- _WORK INSTRUCTIONS_:
Among the lines below, copy exactly those from the one with "Session 9 - Medical Debt Credit Reports" through the one with "Royaura Geometric Ripple", counting both ends.

- _EXERCISE INPUTS_:

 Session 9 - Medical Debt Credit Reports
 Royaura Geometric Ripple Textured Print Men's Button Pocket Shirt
---
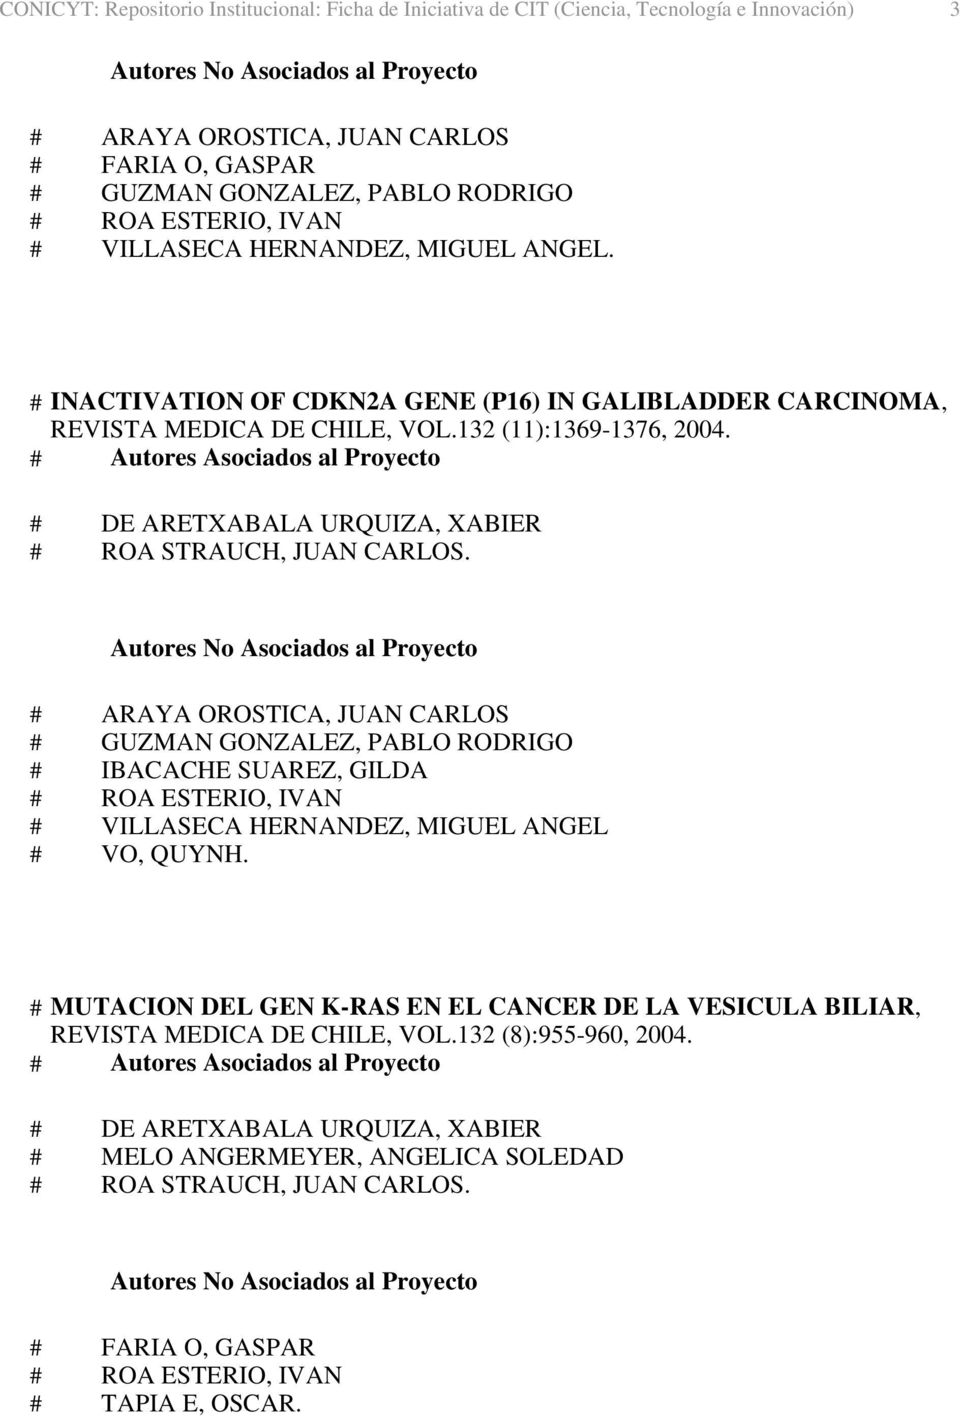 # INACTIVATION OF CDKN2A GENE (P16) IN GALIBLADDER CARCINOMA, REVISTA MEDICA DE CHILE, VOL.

- _WRITTEN ANSWER_:
 Session 9 - Medical Debt Credit Reports
 Royaura Geometric Ripple Textured Print Men's Button Pocket Shirt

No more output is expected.